Here is why INFLATION and not DEFLATION is on the horizon:
In the past year, production of goods worldwide is retracting in accelerating pace. Meantime, governments around the world are trying to offset the economic retraction by infusing cash to the market. After a short deflationary stage which we experiencing now, the demand for goods will rise when all that cash reaches the hand of the consumers. The lag between the abundance of cash and shortage of goods, will create inflation and in big time.


Real Estate Investor · North Carolina


Eddie: I actually paid $29.95 to read your conclusion in a long scholarly book -- but he included lots of pretty graphs and bar charts.

Which begs the question of what to invest in. Two no-brainers might be fixed-rate mortgages on your property and TIPS.

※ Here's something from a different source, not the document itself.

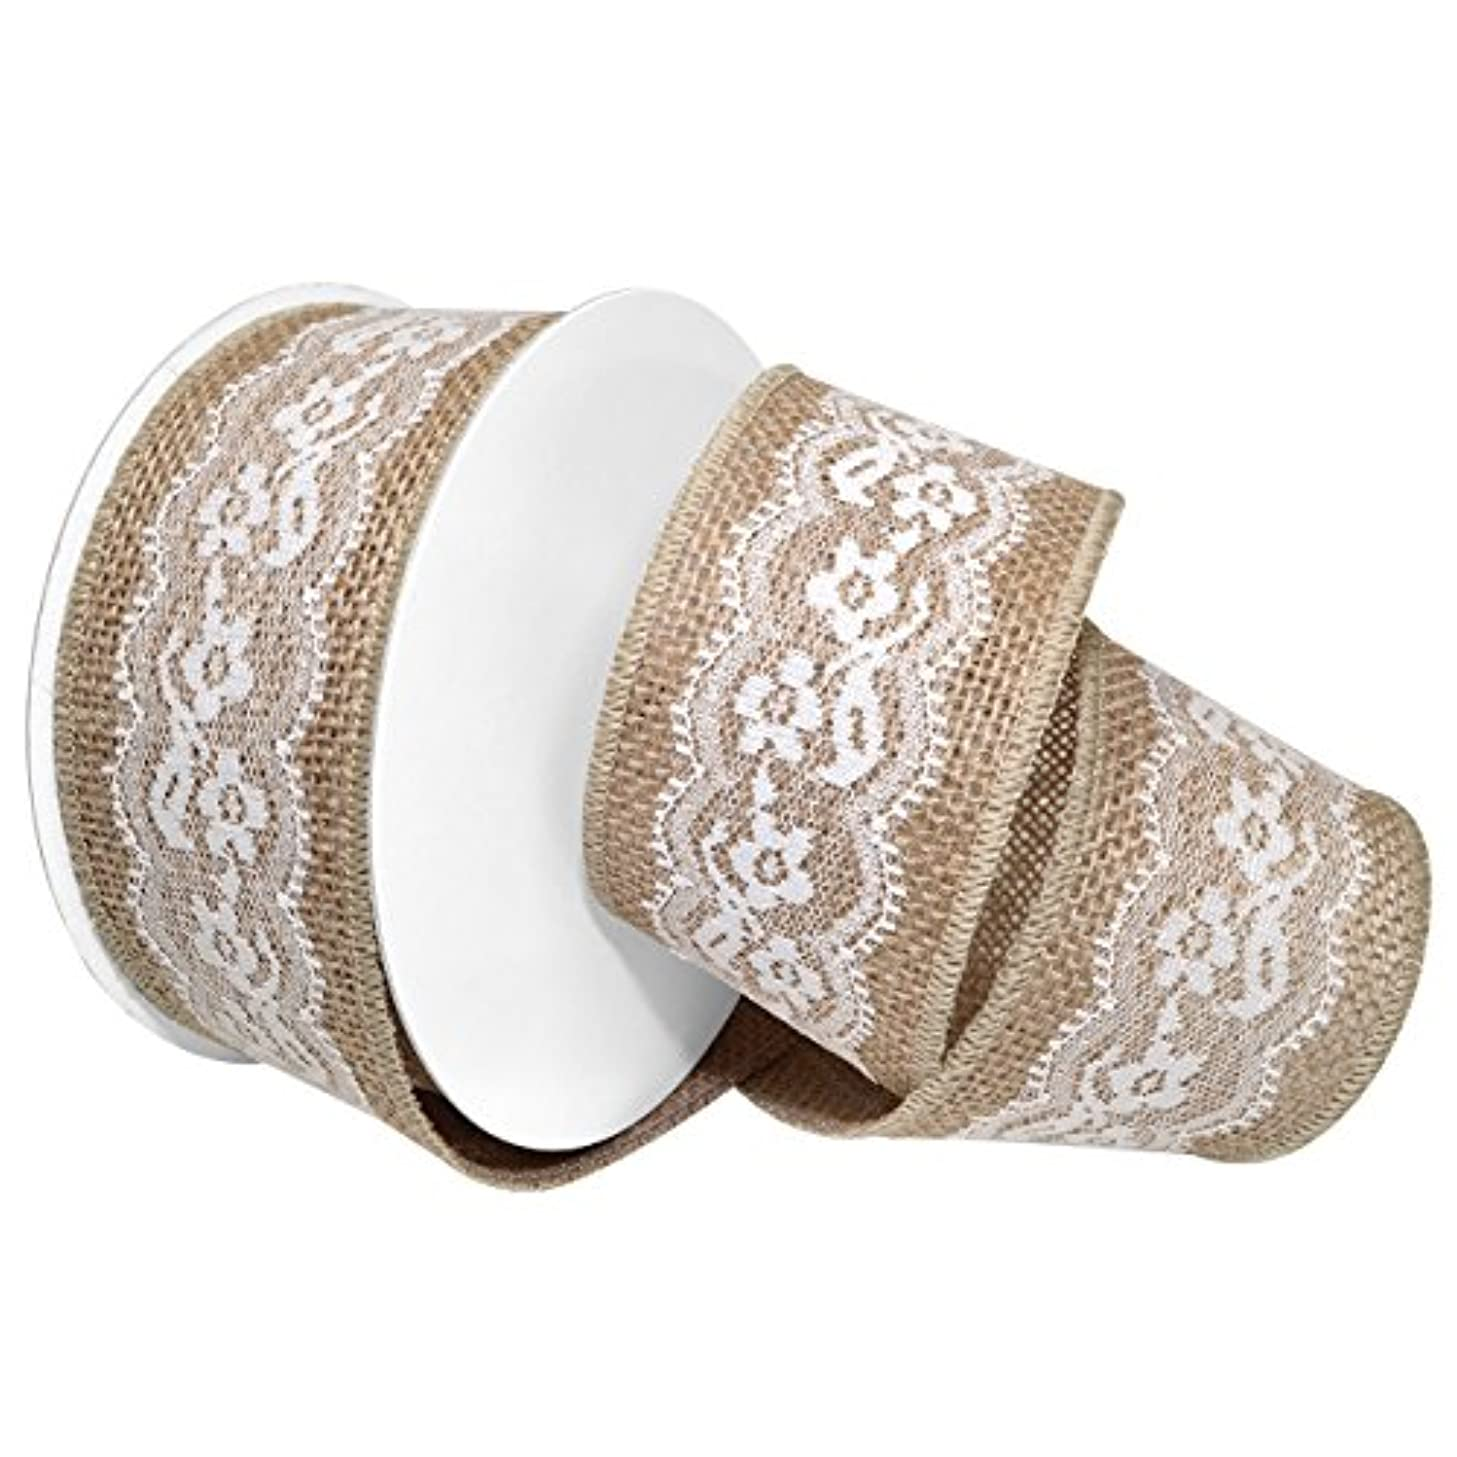 Morex Ribbon Wired Jute Seville Lace Ribbon, 2-1/2

Real Estate Investor · Studio City, California


Originally posted by NC Mark
Eddie: I actually paid $29.95 to read your conclusion in a long scholarly book -- but he included lots of pretty graphs and bar charts.

Which begs the question of what to invest in. Two no-brainers might be fixed-rate mortgages on your property and TIPS.


Frankly, Mark With my A.D.D. I find it hard to read books, but I use common sense and common knowledge (AKA News).
The fixed rate mortgage is exactly the right thing. Even if rates are going all the way up to 8-10% your are still good. Expect 18-22% in five to seven years. This will work wonders with rental. You'll be able to raise rent, but your mortgage will stay the same. Isn't that REI thing wonderful?